Data block Start Marker

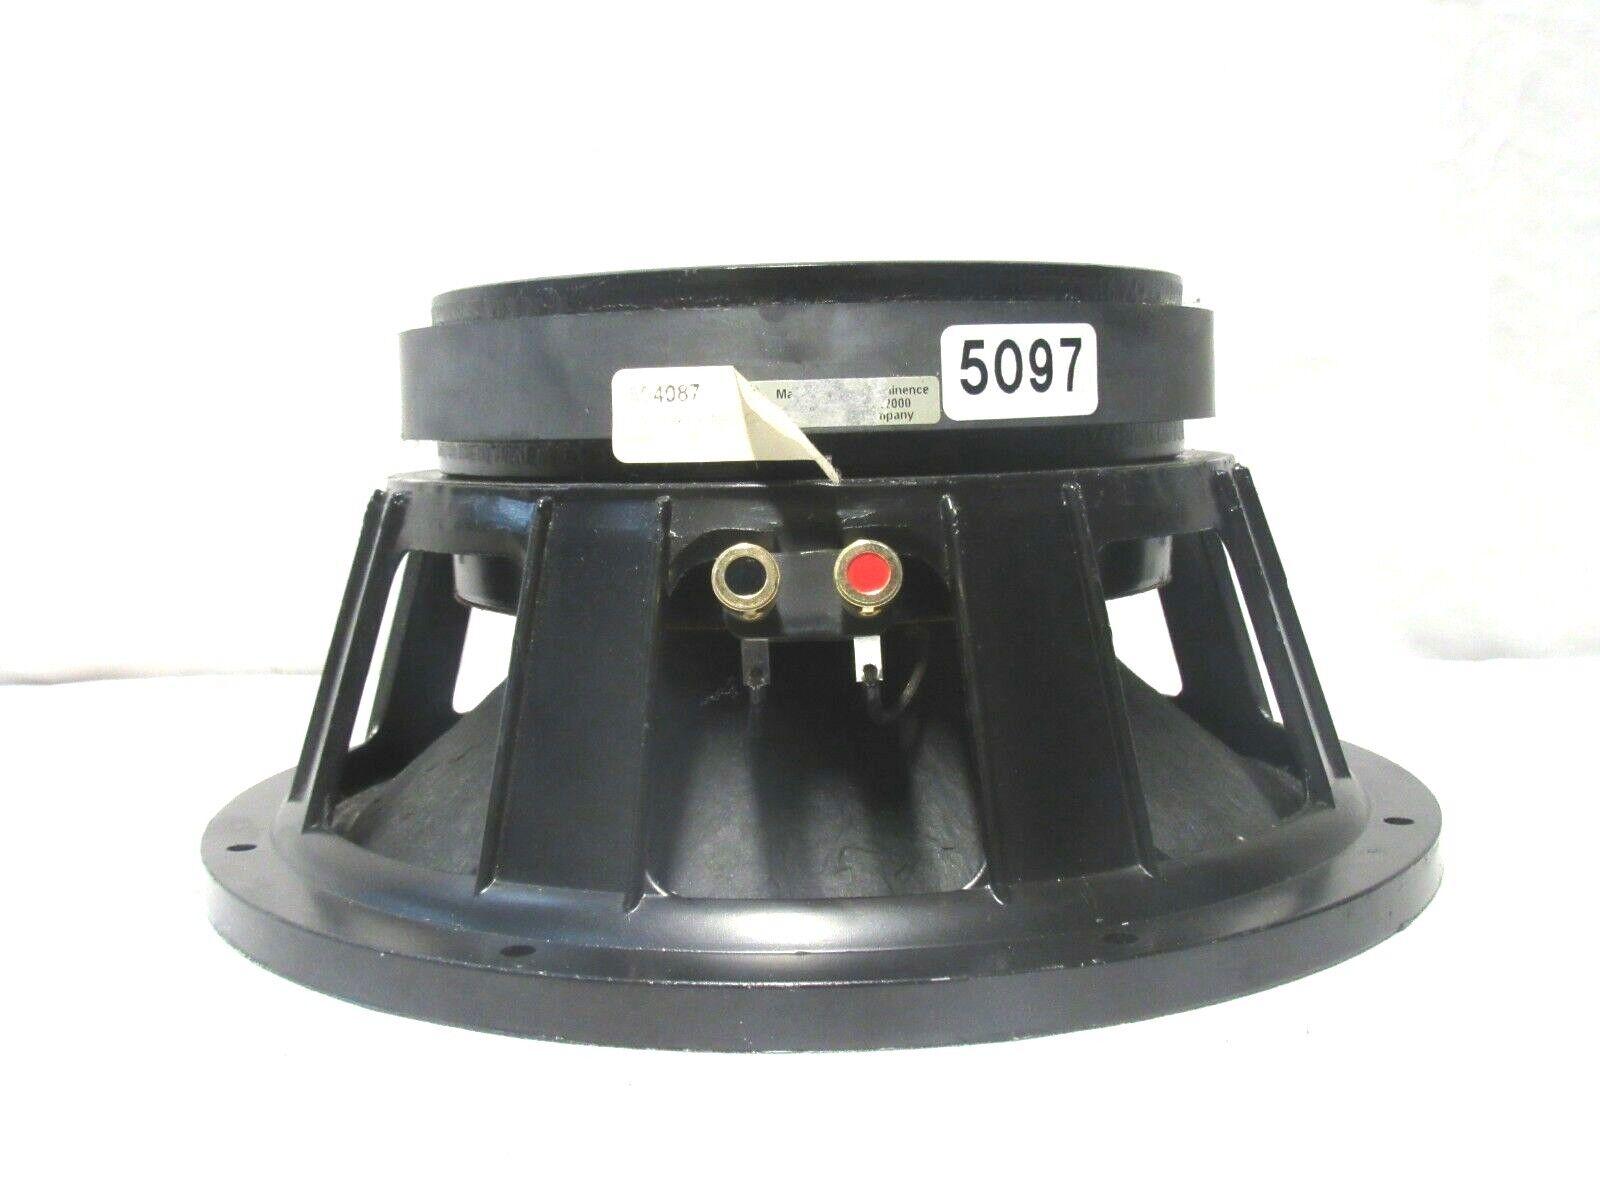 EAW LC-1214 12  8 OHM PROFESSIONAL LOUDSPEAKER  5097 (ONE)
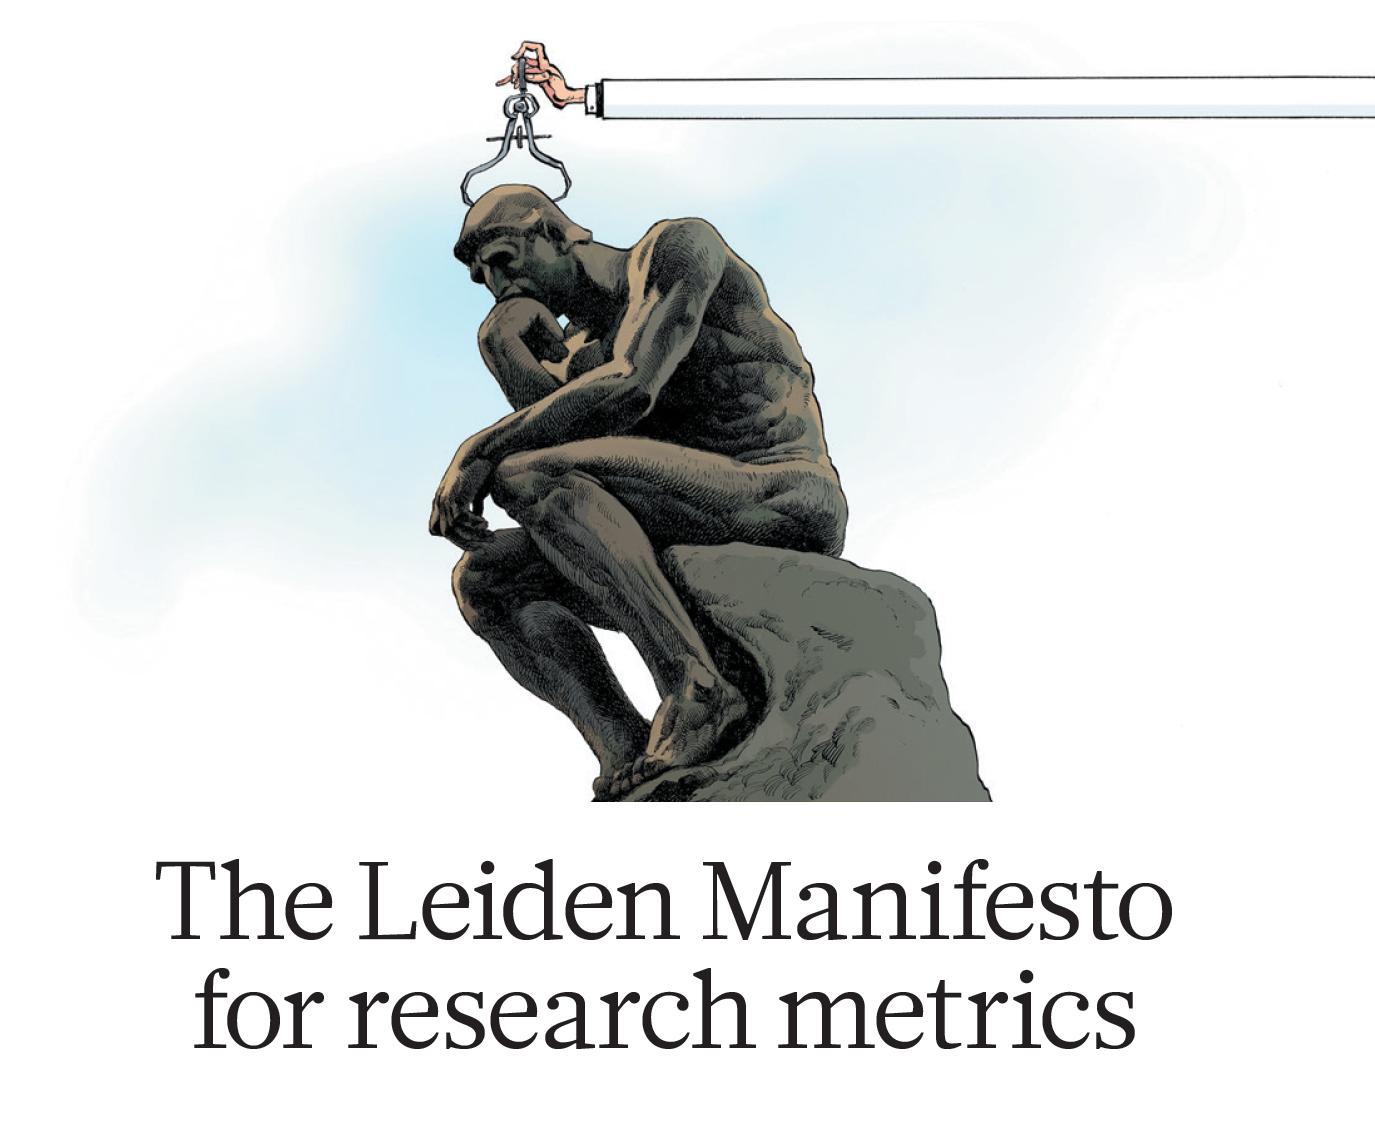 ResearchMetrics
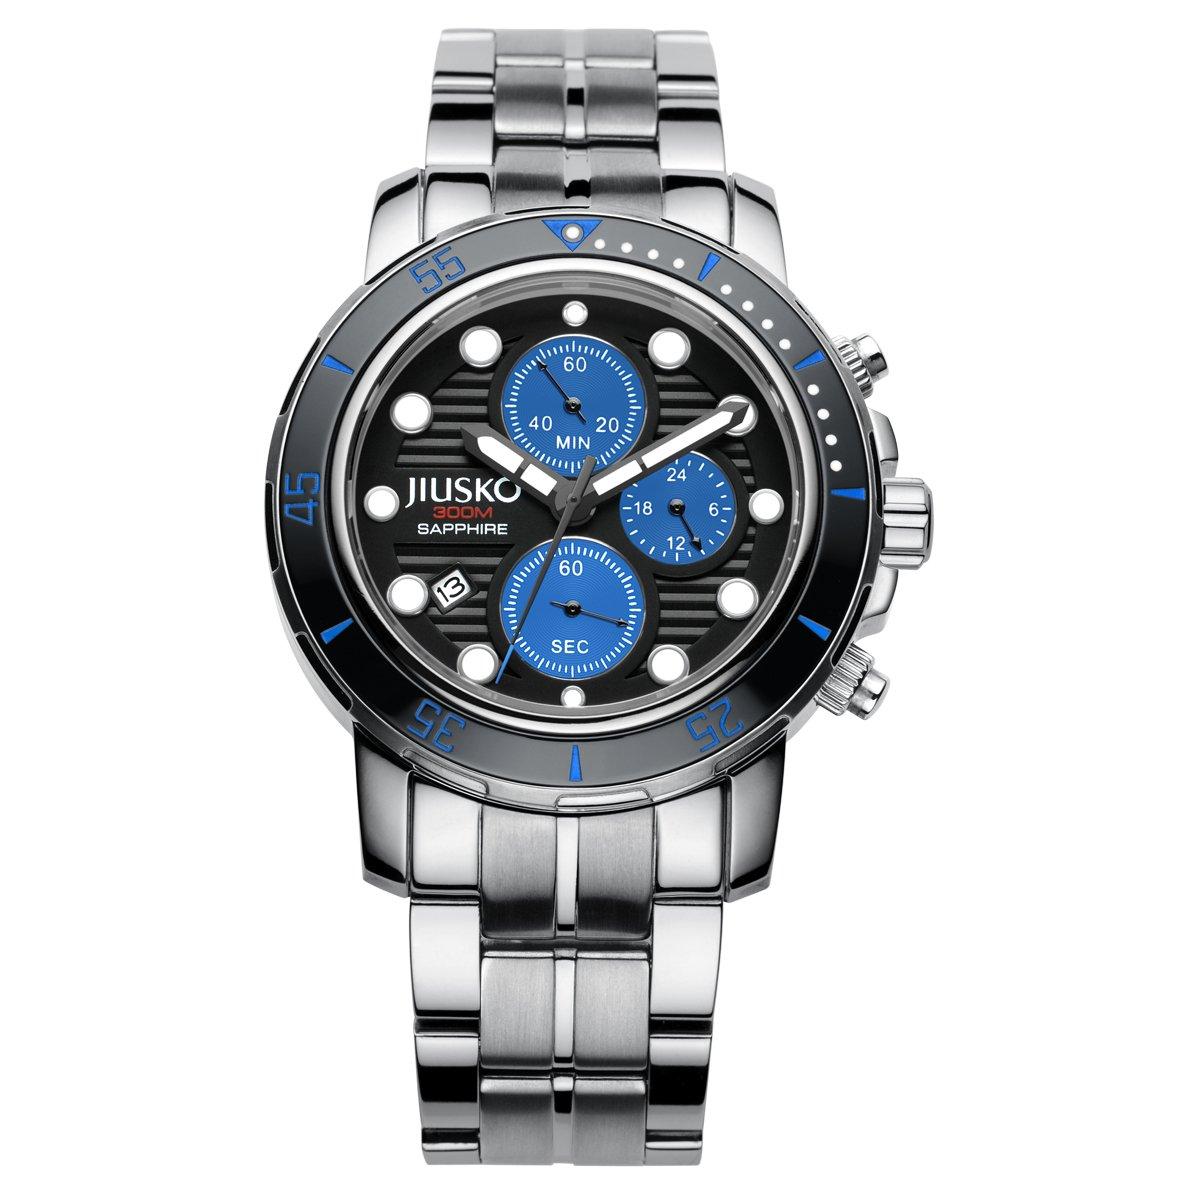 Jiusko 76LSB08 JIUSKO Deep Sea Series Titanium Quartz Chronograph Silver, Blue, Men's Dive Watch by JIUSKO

Data block End Marker

Task objective >>
Write out all of the data above exactly, without any of its pictures.

Solution below >>
 EAW LC-1214 12  8 OHM PROFESSIONAL LOUDSPEAKER  5097 (ONE)
 ResearchMetrics
 Jiusko 76LSB08 JIUSKO Deep Sea Series Titanium Quartz Chronograph Silver, Blue, Men's Dive Watch by JIUSKO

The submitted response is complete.